Achtergrond, opleiding en vroege carrière

bewerken

Oskar Potiorek werd op 20 november 1853 geboren in Bad Bleiberg, Karinthië. Zijn vader was een plaatselijk ambtenaar. Oskar Potiorek bezocht de technische militaire academie en officiersopleiding in Wenen en werd in 1879 als officier toegevoegd aan de generale staf. Sinds 1886 was hij werkzaam op het Bureau Operaties van de generale staf en 1892 werd hij chef van dit bureau. In april 1897 nam brigadegeneraal (Feldmarschalleutnant) het commando over het 3de Legerkorps over van Eduard Ritter von Succovaty von Vezza. Hij behield dit commando tot 1902 toen hij door keizer Frans Jozef I werd benoemd tot plaatsvervangend staf-chef. In 1910 volgde zijn benoeming tot commandant van de stad Graz en in 1911 werd hij inspecteur-generaal van het Oostenrijks-Hongaarse leger. In 1913 werd aartshertog Frans Ferdinand van Oostenrijk-Este, de troonopvolger.

In 1912 werd de toenmalige chef van de generale staf, generaal Franz Conrad von Hötzendorf, ontslagen na een conflict met de keizer. Potiorek dacht, niet geheel ten onrechte, dat hij als plaatsvervangend staf-chef tot diens opvolger zou worden benoemd. Voor hem in de plaats werd generaal-majoor Blasius Schemua benoemd. Aartshertog Frans Ferdinand haalde de keizer echter over om Conrad von Hötzendorf opnieuw te benoemen tot staf-chef. Na korte tijd werd Schemua dus weer vervangen door Conrad. De gepasseerde Potiorek onderhield sindsdien een moeizame relatie met Conrad von Hötzendorf. De toenemende spanningen op de Balkan dwong hen op den duur echter tot nauwe samenwerking.[1]

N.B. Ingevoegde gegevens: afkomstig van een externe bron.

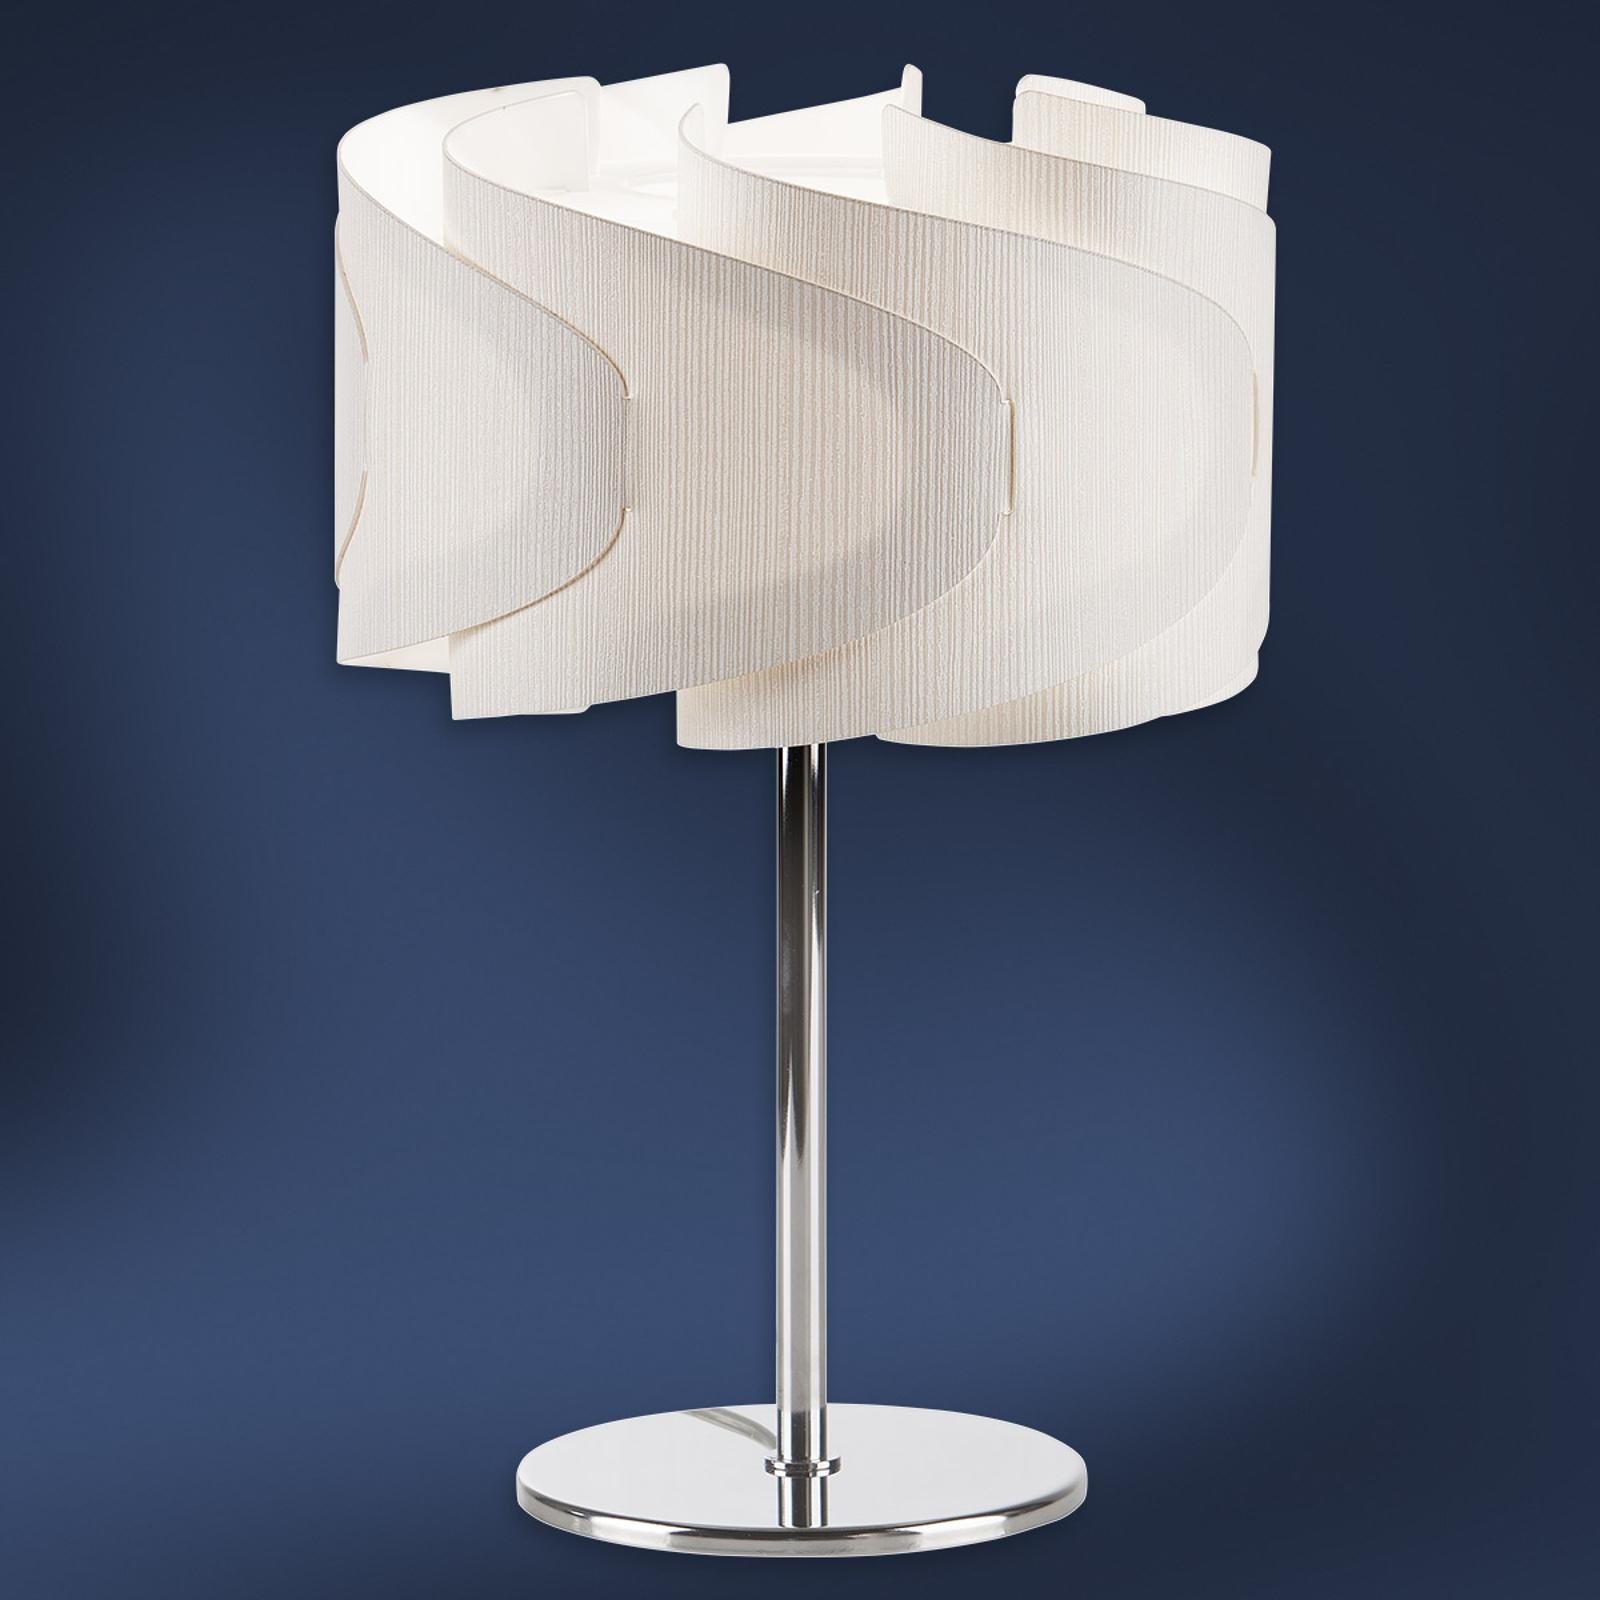 Lumetto Ellix bordlampe i treaktig utseende

Oskar Potiorek was in 1911 benoemd tot militair-gouverneur van de provincie Bosnië-Herzegovina. Potiorek, inmiddels bevorderd tot generaal der infanterie, stond bekend als bijzonder anti-Servisch en was een echte hardliner. Hij zag niets in een behoedzame en vriendelijke benadering van Servische en Slavische bevolking in Bosnië-Herzegovina. Hij stond hierin lijnrecht tegenover de civiele gouverneur van de provincie, Leon von Biliński, die meende dat toegefelijkheid jegens de Serviërs hen op den duur voor de monarchie te winnen. Potiorek was echter de meerdere van Biliński die niet veel kon uithalen om de betrekkingen met de Serviërs in Bosnië te verbeteren. De keizer en de gematigde Bosnische politici in de Bosnische Landdag kozen de zijde van Biliński, wat er toe leidde dat Potiorek de Landdag ontbond (1913). Ook verbood Potiorek de Servische verenigingen in Bosnië-Herzegovina, wat leidde tot een verdere radicalisering van de Servische bevolking in Bosnië.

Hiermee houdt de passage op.